[Start of Attachment]

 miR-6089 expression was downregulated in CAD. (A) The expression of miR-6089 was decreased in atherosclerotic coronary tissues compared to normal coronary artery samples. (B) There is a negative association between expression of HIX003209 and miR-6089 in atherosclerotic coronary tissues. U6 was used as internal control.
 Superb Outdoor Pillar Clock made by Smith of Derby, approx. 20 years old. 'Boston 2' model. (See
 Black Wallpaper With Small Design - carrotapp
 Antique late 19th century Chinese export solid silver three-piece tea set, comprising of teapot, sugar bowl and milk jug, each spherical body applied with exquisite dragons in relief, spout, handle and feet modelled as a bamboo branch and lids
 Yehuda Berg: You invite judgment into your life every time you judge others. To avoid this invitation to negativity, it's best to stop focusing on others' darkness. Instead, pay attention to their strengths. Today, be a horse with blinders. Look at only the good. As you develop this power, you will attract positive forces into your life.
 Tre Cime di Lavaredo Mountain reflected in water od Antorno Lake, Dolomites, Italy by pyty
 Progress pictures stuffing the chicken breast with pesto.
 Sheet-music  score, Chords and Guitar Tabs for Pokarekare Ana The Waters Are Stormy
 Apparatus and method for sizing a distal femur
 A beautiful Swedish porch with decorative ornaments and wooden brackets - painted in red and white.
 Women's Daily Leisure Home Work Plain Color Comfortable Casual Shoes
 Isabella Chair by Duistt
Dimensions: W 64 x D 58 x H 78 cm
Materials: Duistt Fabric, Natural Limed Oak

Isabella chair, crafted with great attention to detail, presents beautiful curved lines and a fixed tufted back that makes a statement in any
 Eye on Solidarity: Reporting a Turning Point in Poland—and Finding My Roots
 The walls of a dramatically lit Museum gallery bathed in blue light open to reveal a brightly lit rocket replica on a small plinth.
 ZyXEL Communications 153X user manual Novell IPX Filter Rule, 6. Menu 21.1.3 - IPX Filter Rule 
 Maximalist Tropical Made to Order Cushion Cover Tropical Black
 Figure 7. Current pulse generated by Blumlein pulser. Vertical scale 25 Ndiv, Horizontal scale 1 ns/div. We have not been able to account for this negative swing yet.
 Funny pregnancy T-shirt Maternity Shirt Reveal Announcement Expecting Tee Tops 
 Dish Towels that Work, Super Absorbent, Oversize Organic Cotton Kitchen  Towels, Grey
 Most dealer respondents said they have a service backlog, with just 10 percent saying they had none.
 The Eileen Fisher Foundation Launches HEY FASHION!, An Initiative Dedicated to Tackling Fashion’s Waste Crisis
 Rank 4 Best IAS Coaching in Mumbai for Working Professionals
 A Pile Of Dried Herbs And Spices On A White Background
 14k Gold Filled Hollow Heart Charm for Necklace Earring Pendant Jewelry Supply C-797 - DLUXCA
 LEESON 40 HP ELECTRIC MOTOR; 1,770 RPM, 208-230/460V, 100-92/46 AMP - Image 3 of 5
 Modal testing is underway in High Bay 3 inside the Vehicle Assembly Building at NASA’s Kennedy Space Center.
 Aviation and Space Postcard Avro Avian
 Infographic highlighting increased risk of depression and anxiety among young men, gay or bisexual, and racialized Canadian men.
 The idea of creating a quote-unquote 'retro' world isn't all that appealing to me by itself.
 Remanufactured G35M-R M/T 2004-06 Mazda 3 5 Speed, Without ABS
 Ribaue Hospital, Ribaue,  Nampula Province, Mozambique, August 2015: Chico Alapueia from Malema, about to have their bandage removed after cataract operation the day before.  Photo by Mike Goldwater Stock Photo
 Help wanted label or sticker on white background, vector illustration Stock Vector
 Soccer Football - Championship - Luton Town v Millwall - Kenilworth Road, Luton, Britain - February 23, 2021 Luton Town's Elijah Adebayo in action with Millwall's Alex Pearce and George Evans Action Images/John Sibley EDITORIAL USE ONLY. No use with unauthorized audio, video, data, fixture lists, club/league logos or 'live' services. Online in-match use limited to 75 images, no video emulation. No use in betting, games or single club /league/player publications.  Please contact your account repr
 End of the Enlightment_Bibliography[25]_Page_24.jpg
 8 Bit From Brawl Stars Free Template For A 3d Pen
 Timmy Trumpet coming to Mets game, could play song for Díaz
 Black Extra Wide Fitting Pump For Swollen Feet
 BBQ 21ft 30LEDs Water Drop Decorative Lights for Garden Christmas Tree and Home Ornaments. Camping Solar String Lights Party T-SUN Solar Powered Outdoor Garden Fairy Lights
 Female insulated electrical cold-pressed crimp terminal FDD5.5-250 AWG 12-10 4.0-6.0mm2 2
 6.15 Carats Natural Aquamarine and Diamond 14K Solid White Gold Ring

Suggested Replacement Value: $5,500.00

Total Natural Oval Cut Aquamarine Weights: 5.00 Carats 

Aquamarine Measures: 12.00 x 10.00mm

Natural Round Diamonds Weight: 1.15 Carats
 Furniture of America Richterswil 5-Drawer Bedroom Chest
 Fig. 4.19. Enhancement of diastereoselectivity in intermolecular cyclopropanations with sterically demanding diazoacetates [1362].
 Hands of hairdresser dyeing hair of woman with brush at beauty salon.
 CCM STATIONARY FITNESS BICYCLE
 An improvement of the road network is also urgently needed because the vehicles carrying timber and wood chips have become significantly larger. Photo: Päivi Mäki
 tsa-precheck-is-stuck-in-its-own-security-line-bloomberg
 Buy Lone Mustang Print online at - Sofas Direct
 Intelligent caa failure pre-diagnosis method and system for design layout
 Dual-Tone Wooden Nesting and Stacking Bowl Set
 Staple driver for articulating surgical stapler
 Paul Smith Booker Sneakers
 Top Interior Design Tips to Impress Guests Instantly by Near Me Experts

[End of Attachment]

ABOUT THIS TASK: The expected output is the complete data, repeated exactly.

ANSWER FOR THE TASK:
 miR-6089 expression was downregulated in CAD. (A) The expression of miR-6089 was decreased in atherosclerotic coronary tissues compared to normal coronary artery samples. (B) There is a negative association between expression of HIX003209 and miR-6089 in atherosclerotic coronary tissues. U6 was used as internal control.
 Superb Outdoor Pillar Clock made by Smith of Derby, approx. 20 years old. 'Boston 2' model. (See
 Black Wallpaper With Small Design - carrotapp
 Antique late 19th century Chinese export solid silver three-piece tea set, comprising of teapot, sugar bowl and milk jug, each spherical body applied with exquisite dragons in relief, spout, handle and feet modelled as a bamboo branch and lids
 Yehuda Berg: You invite judgment into your life every time you judge others. To avoid this invitation to negativity, it's best to stop focusing on others' darkness. Instead, pay attention to their strengths. Today, be a horse with blinders. Look at only the good. As you develop this power, you will attract positive forces into your life.
 Tre Cime di Lavaredo Mountain reflected in water od Antorno Lake, Dolomites, Italy by pyty
 Progress pictures stuffing the chicken breast with pesto.
 Sheet-music  score, Chords and Guitar Tabs for Pokarekare Ana The Waters Are Stormy
 Apparatus and method for sizing a distal femur
 A beautiful Swedish porch with decorative ornaments and wooden brackets - painted in red and white.
 Women's Daily Leisure Home Work Plain Color Comfortable Casual Shoes
 Isabella Chair by Duistt
Dimensions: W 64 x D 58 x H 78 cm
Materials: Duistt Fabric, Natural Limed Oak

Isabella chair, crafted with great attention to detail, presents beautiful curved lines and a fixed tufted back that makes a statement in any
 Eye on Solidarity: Reporting a Turning Point in Poland—and Finding My Roots
 The walls of a dramatically lit Museum gallery bathed in blue light open to reveal a brightly lit rocket replica on a small plinth.
 ZyXEL Communications 153X user manual Novell IPX Filter Rule, 6. Menu 21.1.3 - IPX Filter Rule 
 Maximalist Tropical Made to Order Cushion Cover Tropical Black
 Figure 7. Current pulse generated by Blumlein pulser. Vertical scale 25 Ndiv, Horizontal scale 1 ns/div. We have not been able to account for this negative swing yet.
 Funny pregnancy T-shirt Maternity Shirt Reveal Announcement Expecting Tee Tops 
 Dish Towels that Work, Super Absorbent, Oversize Organic Cotton Kitchen  Towels, Grey
 Most dealer respondents said they have a service backlog, with just 10 percent saying they had none.
 The Eileen Fisher Foundation Launches HEY FASHION!, An Initiative Dedicated to Tackling Fashion’s Waste Crisis
 Rank 4 Best IAS Coaching in Mumbai for Working Professionals
 A Pile Of Dried Herbs And Spices On A White Background
 14k Gold Filled Hollow Heart Charm for Necklace Earring Pendant Jewelry Supply C-797 - DLUXCA
 LEESON 40 HP ELECTRIC MOTOR; 1,770 RPM, 208-230/460V, 100-92/46 AMP - Image 3 of 5
 Modal testing is underway in High Bay 3 inside the Vehicle Assembly Building at NASA’s Kennedy Space Center.
 Aviation and Space Postcard Avro Avian
 Infographic highlighting increased risk of depression and anxiety among young men, gay or bisexual, and racialized Canadian men.
 The idea of creating a quote-unquote 'retro' world isn't all that appealing to me by itself.
 Remanufactured G35M-R M/T 2004-06 Mazda 3 5 Speed, Without ABS
 Ribaue Hospital, Ribaue,  Nampula Province, Mozambique, August 2015: Chico Alapueia from Malema, about to have their bandage removed after cataract operation the day before.  Photo by Mike Goldwater Stock Photo
 Help wanted label or sticker on white background, vector illustration Stock Vector
 Soccer Football - Championship - Luton Town v Millwall - Kenilworth Road, Luton, Britain - February 23, 2021 Luton Town's Elijah Adebayo in action with Millwall's Alex Pearce and George Evans Action Images/John Sibley EDITORIAL USE ONLY. No use with unauthorized audio, video, data, fixture lists, club/league logos or 'live' services. Online in-match use limited to 75 images, no video emulation. No use in betting, games or single club /league/player publications.  Please contact your account repr
 End of the Enlightment_Bibliography[25]_Page_24.jpg
 8 Bit From Brawl Stars Free Template For A 3d Pen
 Timmy Trumpet coming to Mets game, could play song for Díaz
 Black Extra Wide Fitting Pump For Swollen Feet
 BBQ 21ft 30LEDs Water Drop Decorative Lights for Garden Christmas Tree and Home Ornaments. Camping Solar String Lights Party T-SUN Solar Powered Outdoor Garden Fairy Lights
 Female insulated electrical cold-pressed crimp terminal FDD5.5-250 AWG 12-10 4.0-6.0mm2 2
 6.15 Carats Natural Aquamarine and Diamond 14K Solid White Gold Ring

Suggested Replacement Value: $5,500.00

Total Natural Oval Cut Aquamarine Weights: 5.00 Carats 

Aquamarine Measures: 12.00 x 10.00mm

Natural Round Diamonds Weight: 1.15 Carats
 Furniture of America Richterswil 5-Drawer Bedroom Chest
 Fig. 4.19. Enhancement of diastereoselectivity in intermolecular cyclopropanations with sterically demanding diazoacetates [1362].
 Hands of hairdresser dyeing hair of woman with brush at beauty salon.
 CCM STATIONARY FITNESS BICYCLE
 An improvement of the road network is also urgently needed because the vehicles carrying timber and wood chips have become significantly larger. Photo: Päivi Mäki
 tsa-precheck-is-stuck-in-its-own-security-line-bloomberg
 Buy Lone Mustang Print online at - Sofas Direct
 Intelligent caa failure pre-diagnosis method and system for design layout
 Dual-Tone Wooden Nesting and Stacking Bowl Set
 Staple driver for articulating surgical stapler
 Paul Smith Booker Sneakers
 Top Interior Design Tips to Impress Guests Instantly by Near Me Experts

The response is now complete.